It would seem reasonable to suggest that AAV transduction efficiency correlates with the number of the putative cell surface receptors, although the identity of this receptor still remains elusive (Mizukami et al, 1996). However, it has become clear from the inventors' present studies that such a correlation most probably does not exist since 293 cells that express relatively the least numbers of these putative receptors are transduced most efficiently, an observation consistent with previously published reports (Ferrari et al, 1996; Fisher et al, 1996).

AAV-mediated efficient gene transfer and expression in the lung already has led to clinical trials for the treatment of cystic fibrosis (Carter and Flotte, 1996; Flotte et al, 1993). Similarly, the prospects for treatment of muscular dystrophy by AAV- mediated gene delivery of the dystrophin gene to skeletal muscle, of Parkinson's disease by tyrosine hydroxylase gene delivery to the brain, of hemophilia B by Factor DC gene delivery to the liver, and potentially of myocardial infarction by vascular endothelial growth factor gene to the heart, appear promising since AAV-mediated transgene expression in these organs has recently been shown to be highly efficient (Fisher et al, 1996; Flotte et al, 1993; Kaplitt et al, 1994; 1996; Koeberl et al, 1997; McCown et al, 1996; Ping et al, 1996; Xiao et al, 1996). Since the present invention shows that high efficiency of recombinant AAV transduction in these organs or tissues requires the presence of an FGFR co-receptor along with the presence of HSPG, any AAV-mediated gene therapy approach will be improved by ensuring the presence of these receptors on the target cells. If such receptors are not endogenously expressed they can be engineered into the target cells/organs thereby ensuring an efficient binding and uptake of the AAV vector.

D. Additional Factors Involved in Efficient AAV-mediated Gene Transfer Another aspect of the present invention involves increasing AAV-mediated transgene expression by manipulating post-receptor entry cellular events.

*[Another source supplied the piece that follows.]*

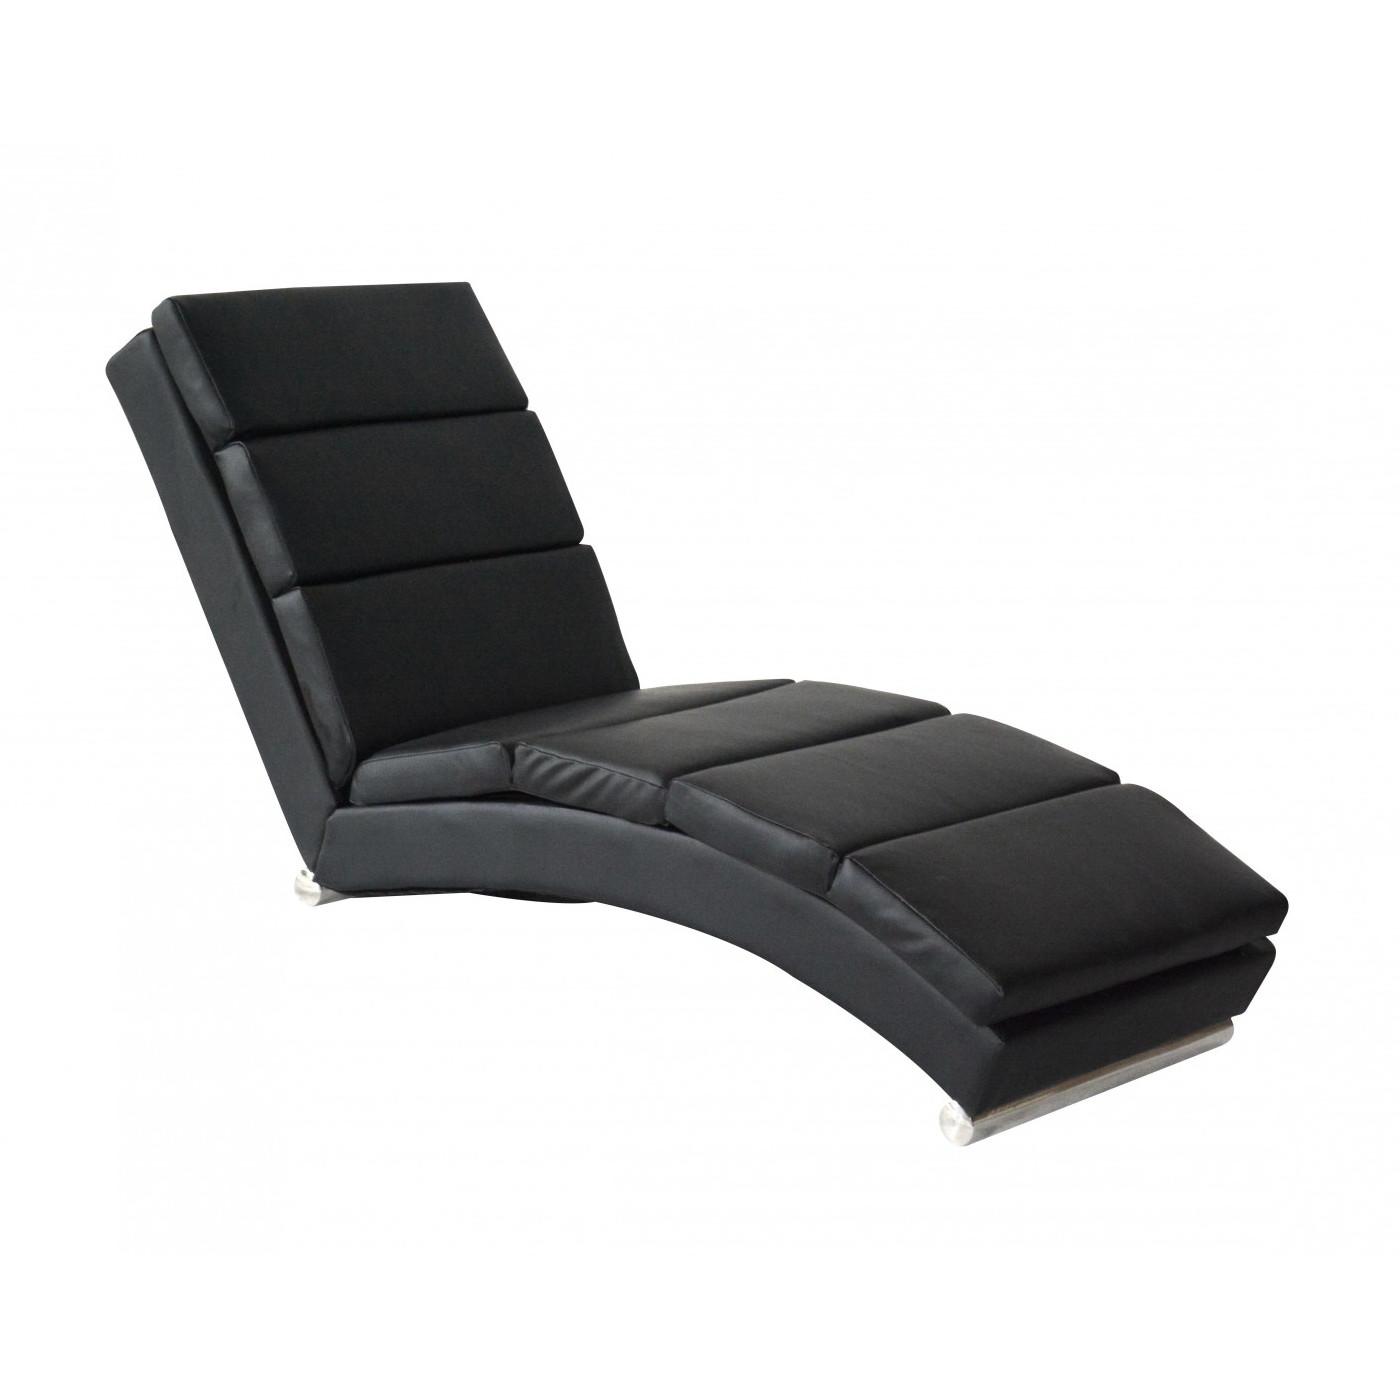 Chaiselounge relaxsessel schwarz for Relaxsessel schwarz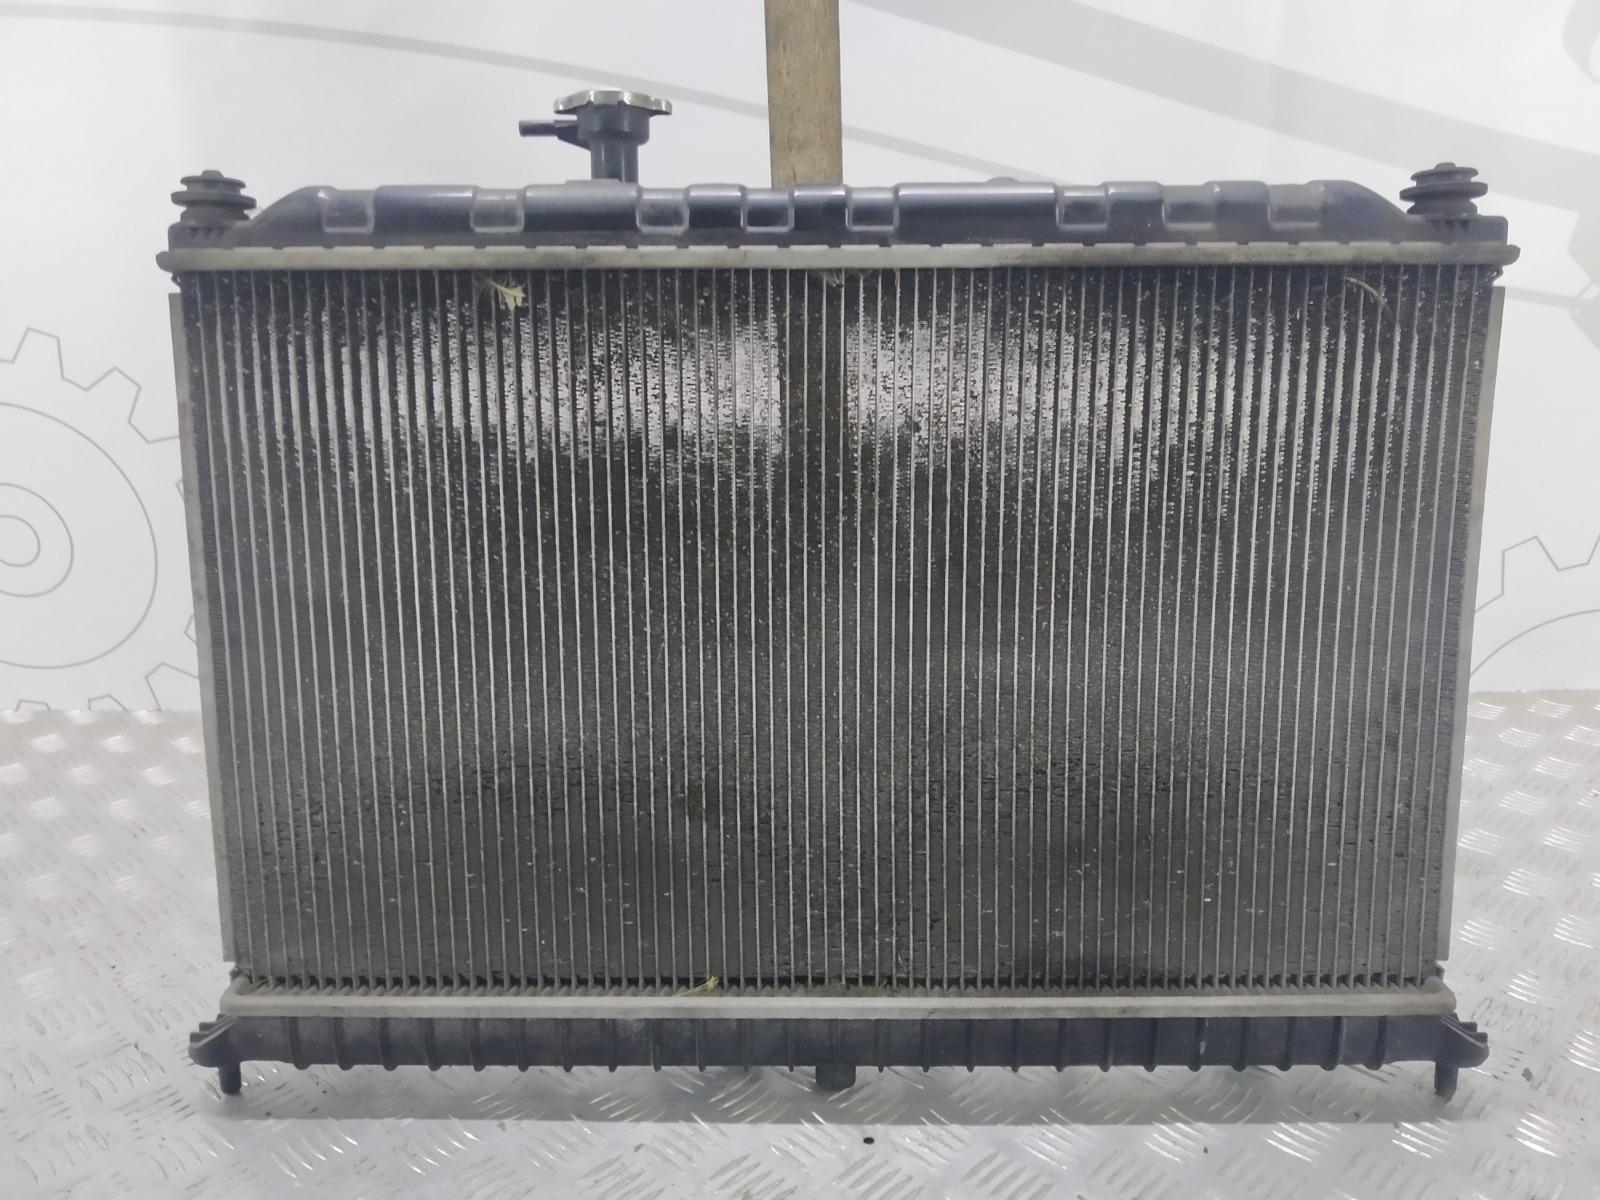 Радиатор (основной) Kia Rio 1.4 I 2006 (б/у)

More particularly, the examples of the present invention corroborate the inventors earlier findings that dephosphorylation of the ssD-BP is necessary to allow AAV-mediated transgene expression and AAV transduction efficiency.

Dephosphorylation of the D-BP facilitates second-strand synthesis of the AAV genome delivered to target cells as a single-stranded DNA molecule, suggesting that manipulation of phosphorylation state of this protein may be exploitable as one of the strategies for significantly improving transduction efficiency of recombinant AAV vectors. A strong correlation between phosphorylation state of the D-BP and the extent of efficient transduction by AAV in murine organs/tissues in vivo has also been demonstrated, showing this approach of improving transduction efficiency will work, as well as indicating that the D-BP may be evolutionarily conserved.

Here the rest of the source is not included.